DATASET EXTRACT:

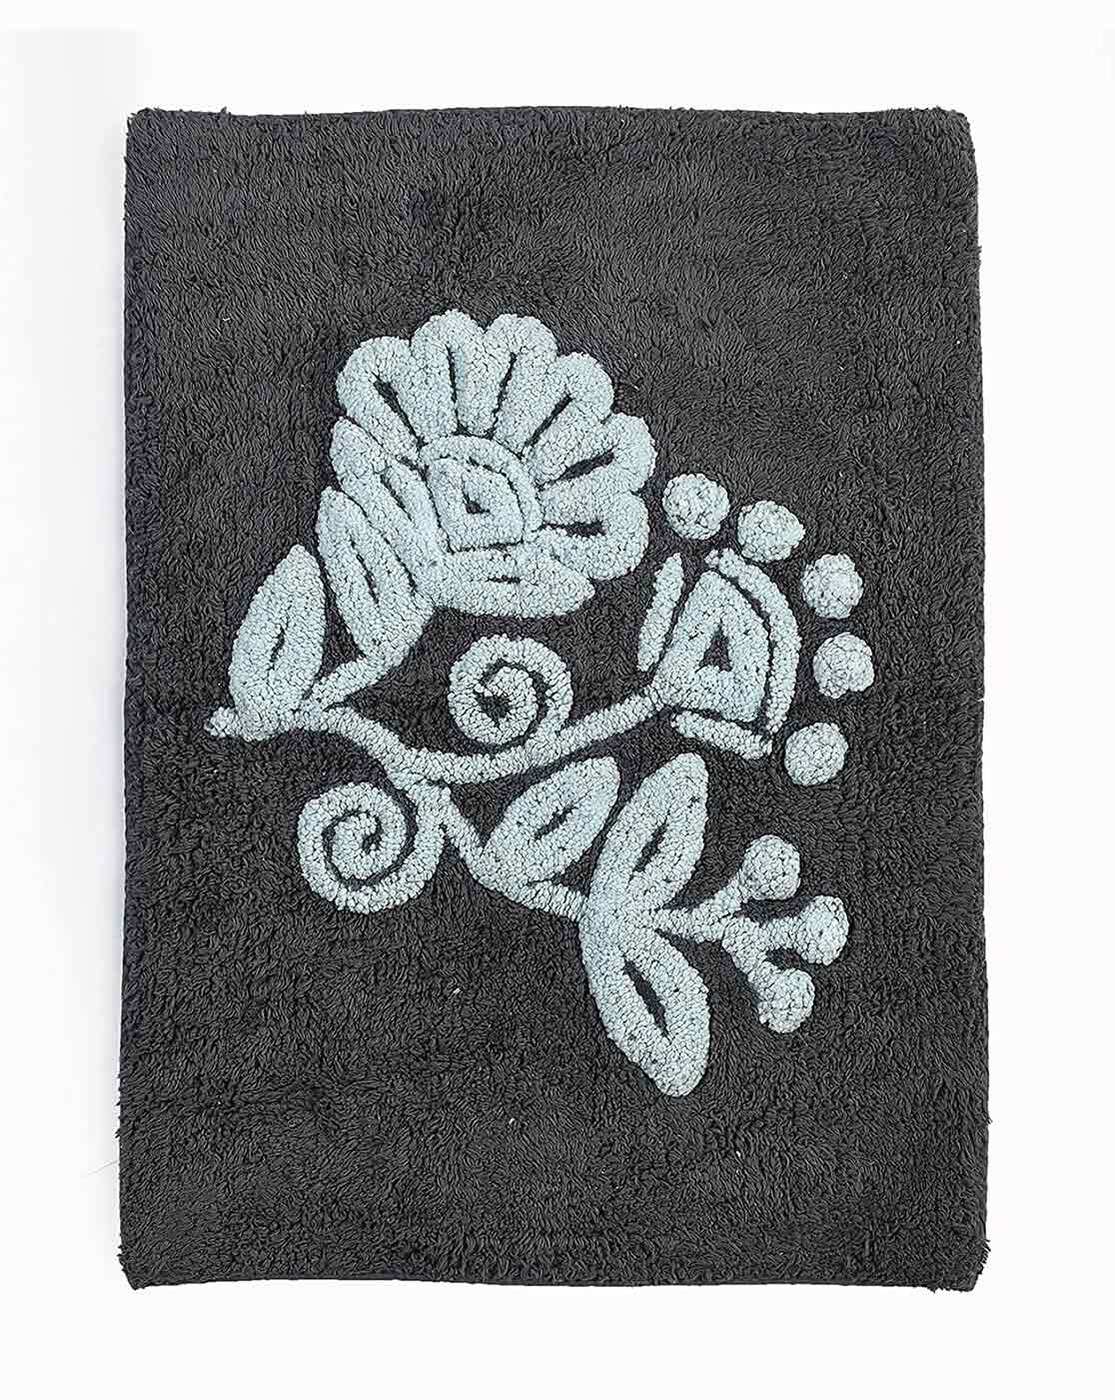 Buy Grey Bath Mats for Home & Kitchen by Saral Home Online
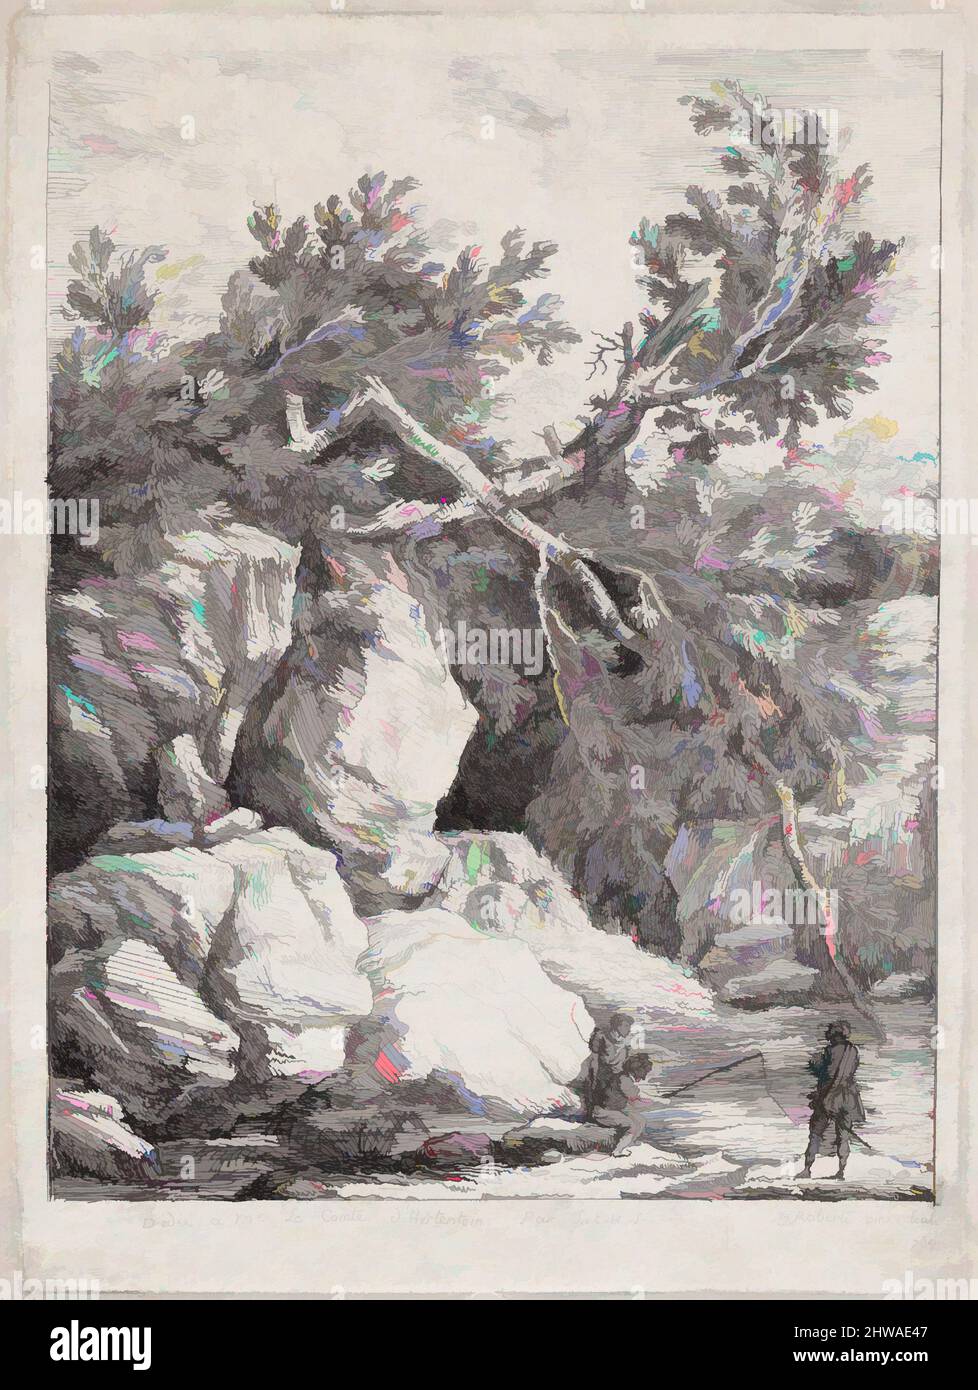 Art inspired by Drawings and Prints, Print, Landscape with a Fallen Tree, Artist, Hubert Robert, French, Paris 1733–1808 Paris, Robert, Hubert, Classic works modernized by Artotop with a splash of modernity. Shapes, color and value, eye-catching visual impact on art. Emotions through freedom of artworks in a contemporary way. A timeless message pursuing a wildly creative new direction. Artists turning to the digital medium and creating the Artotop NFT Stock Photo
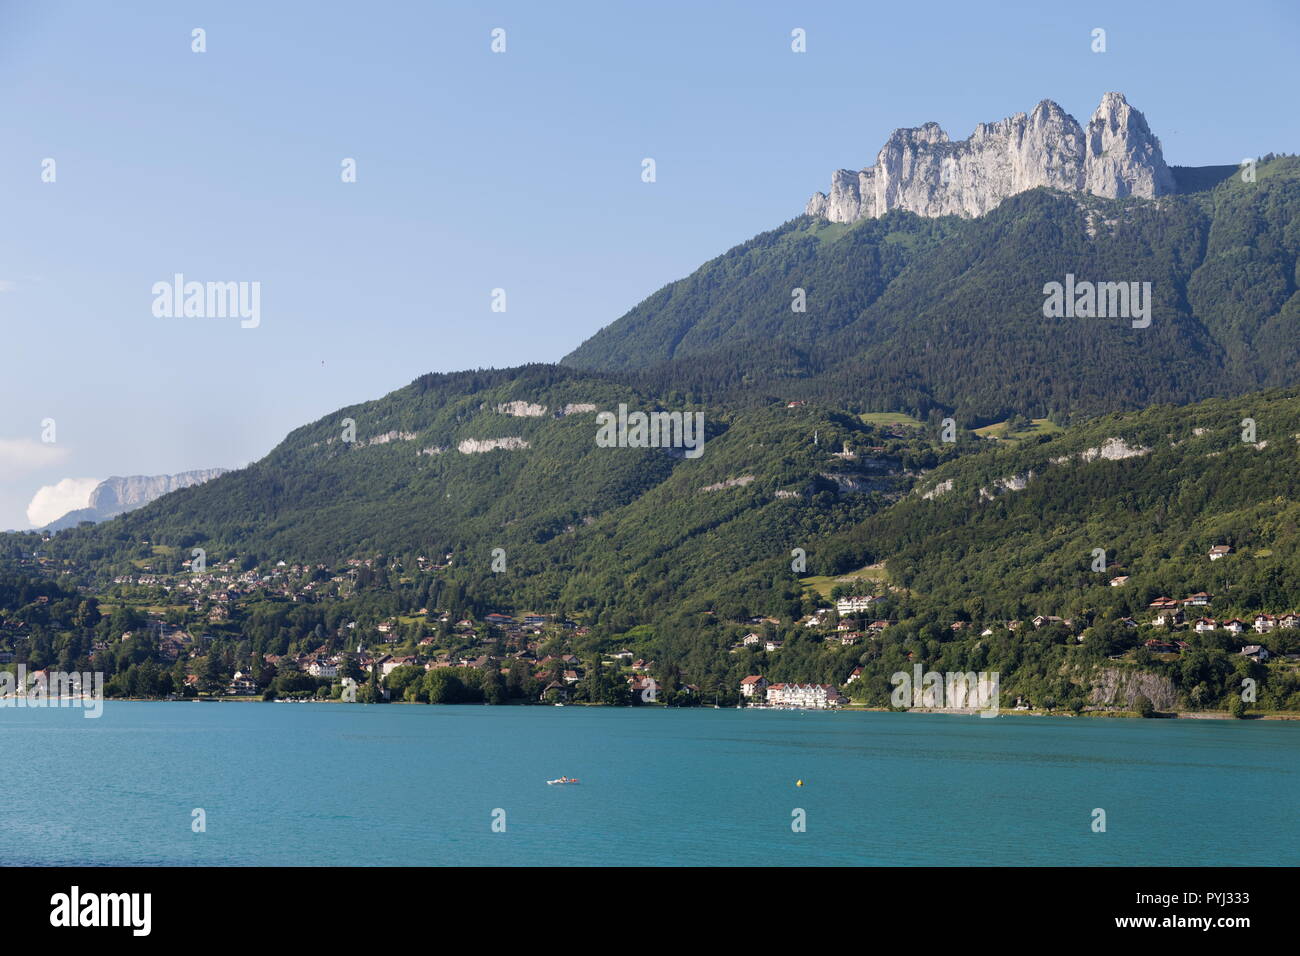 Leisure activities on Lake Annecy France Stock Photo
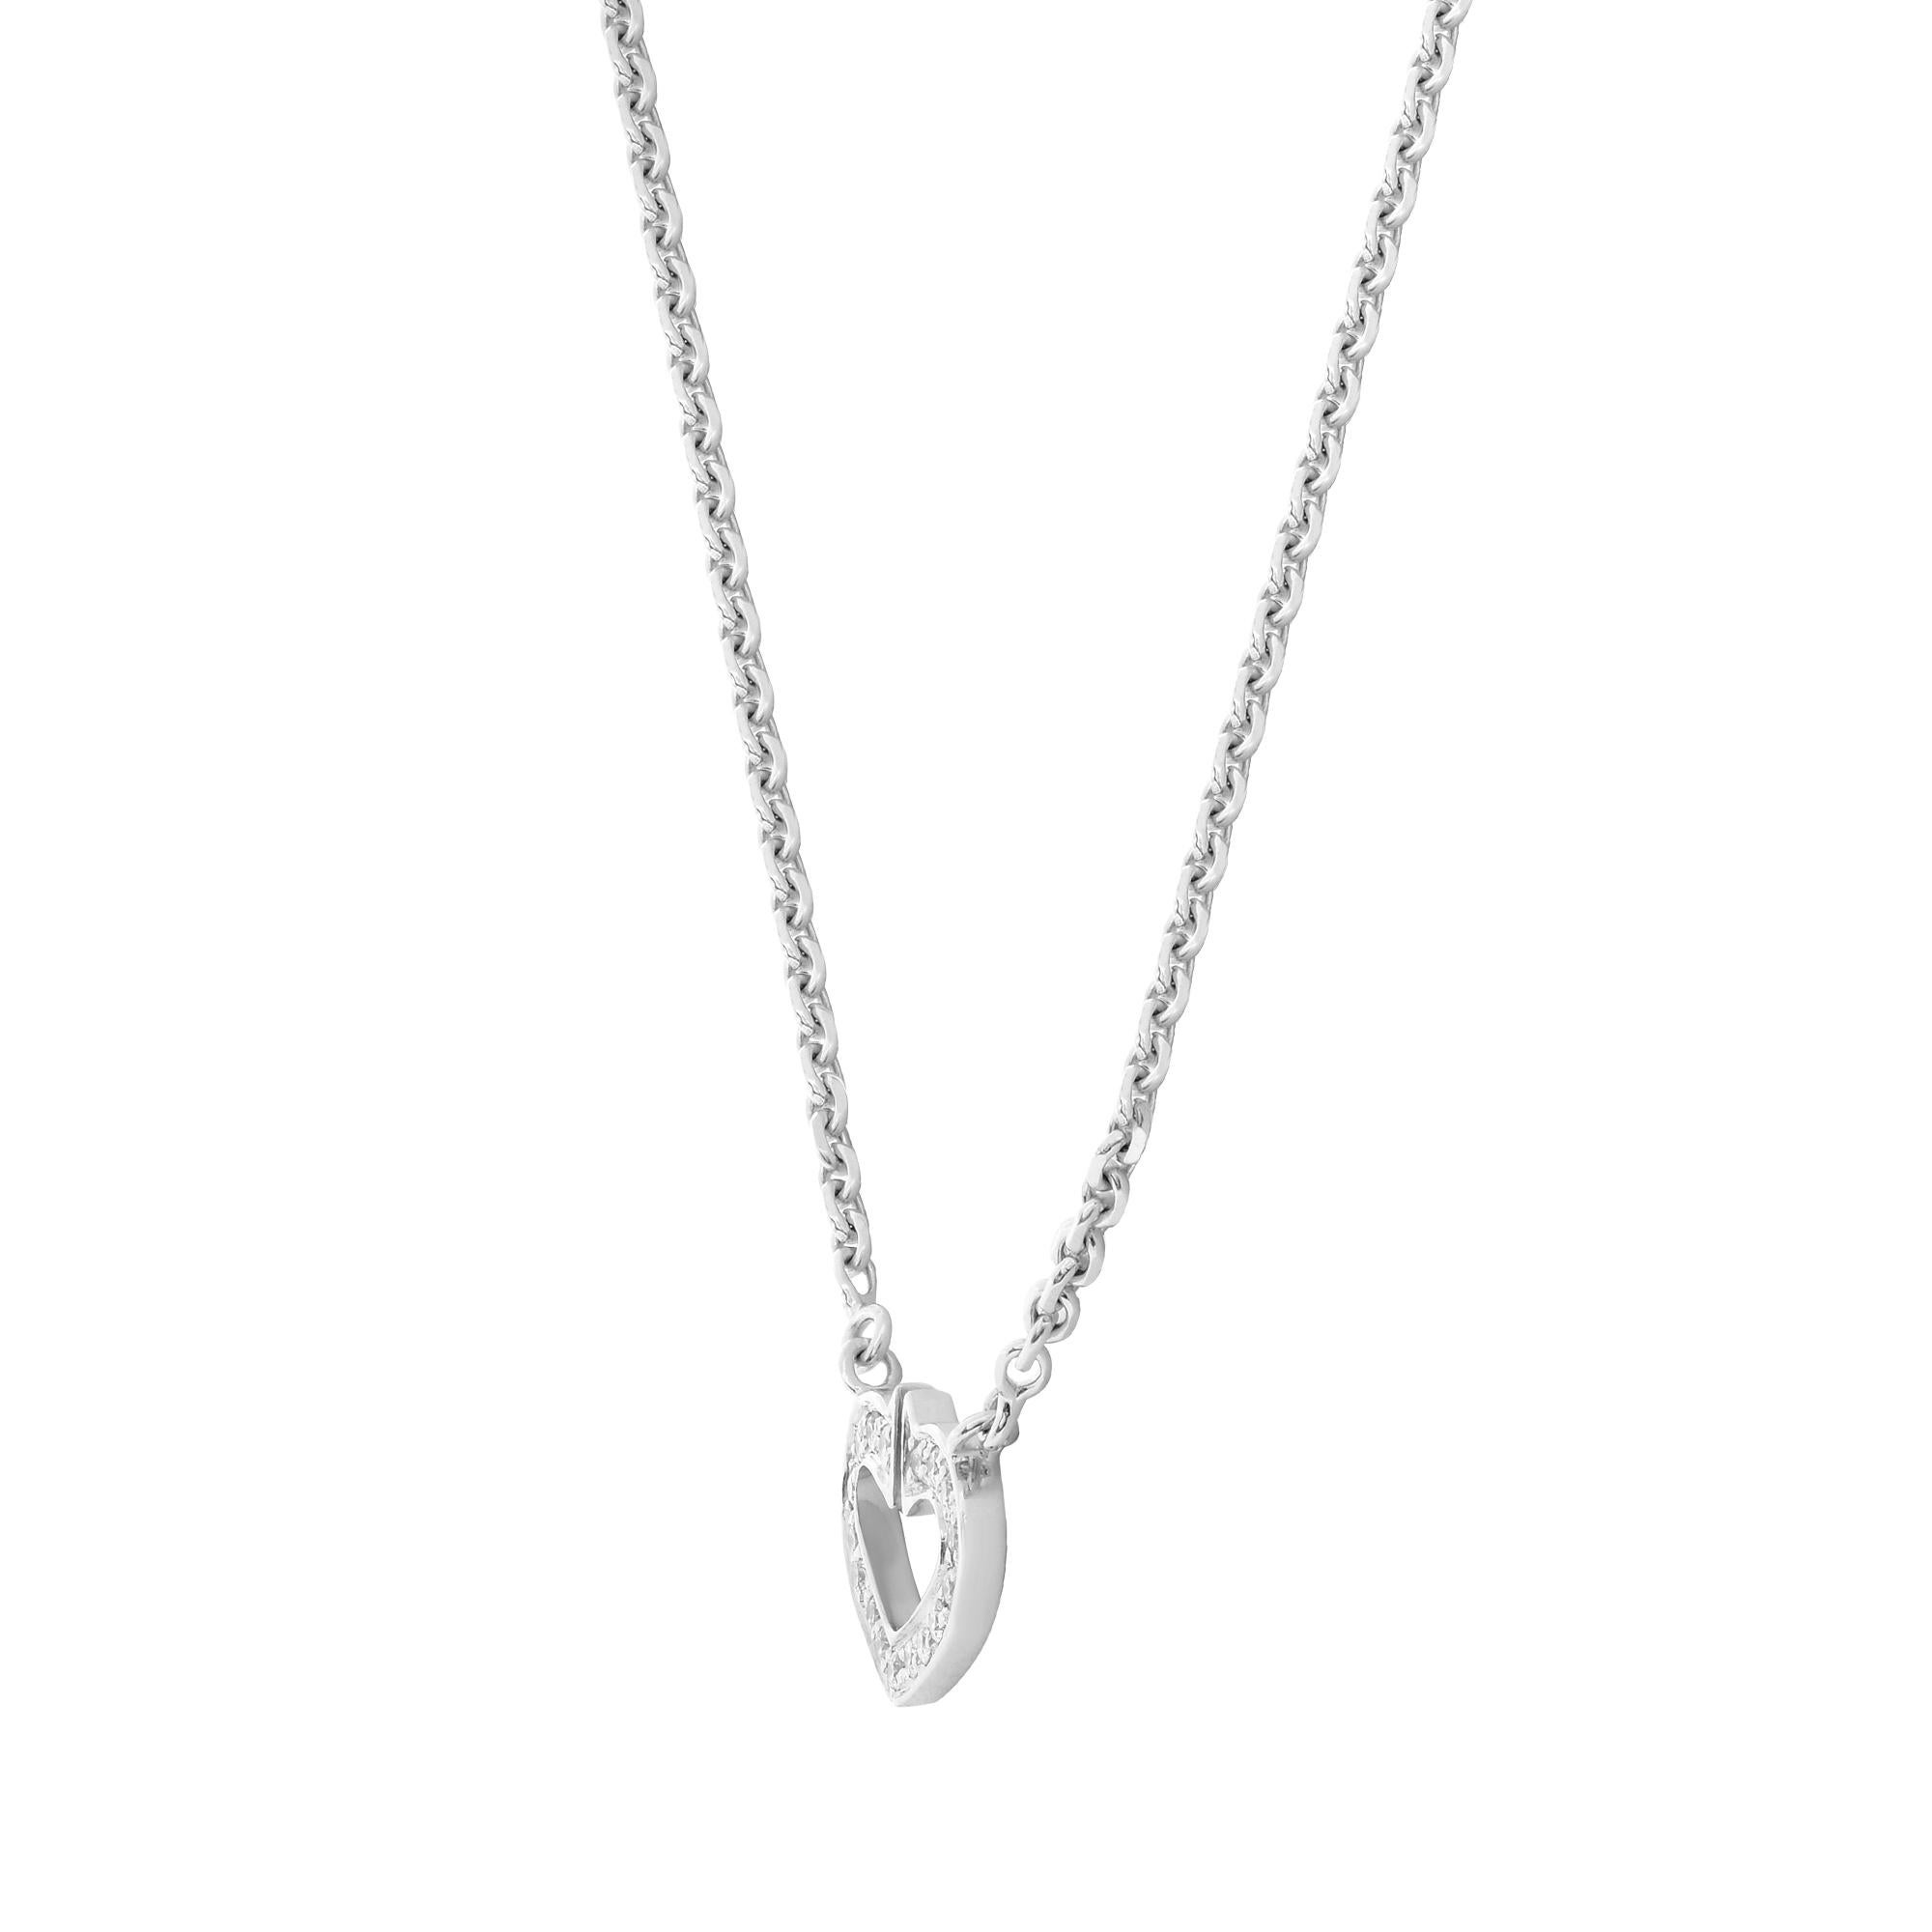 Cartier 18k white gold Coeur C de diamond Heart necklace. This necklace is from the Heart and Symbols Cartier collection.  A precious diamond heart pendant with approximately 0.09ctw diamonds sits at the center of this 18k white gold necklace.

EXERCISE PROMPT: Exactly as they appear, print the lines of the listing above from its first line through the line that contains "Leisure activities on", minus the pictures.

WRITTEN SOLUTION:
 Buy Grey Bath Mats for Home & Kitchen by Saral Home Online
 Art inspired by Drawings and Prints, Print, Landscape with a Fallen Tree, Artist, Hubert Robert, French, Paris 1733–1808 Paris, Robert, Hubert, Classic works modernized by Artotop with a splash of modernity. Shapes, color and value, eye-catching visual impact on art. Emotions through freedom of artworks in a contemporary way. A timeless message pursuing a wildly creative new direction. Artists turning to the digital medium and creating the Artotop NFT Stock Photo
 Leisure activities on Lake Annecy France Stock Photo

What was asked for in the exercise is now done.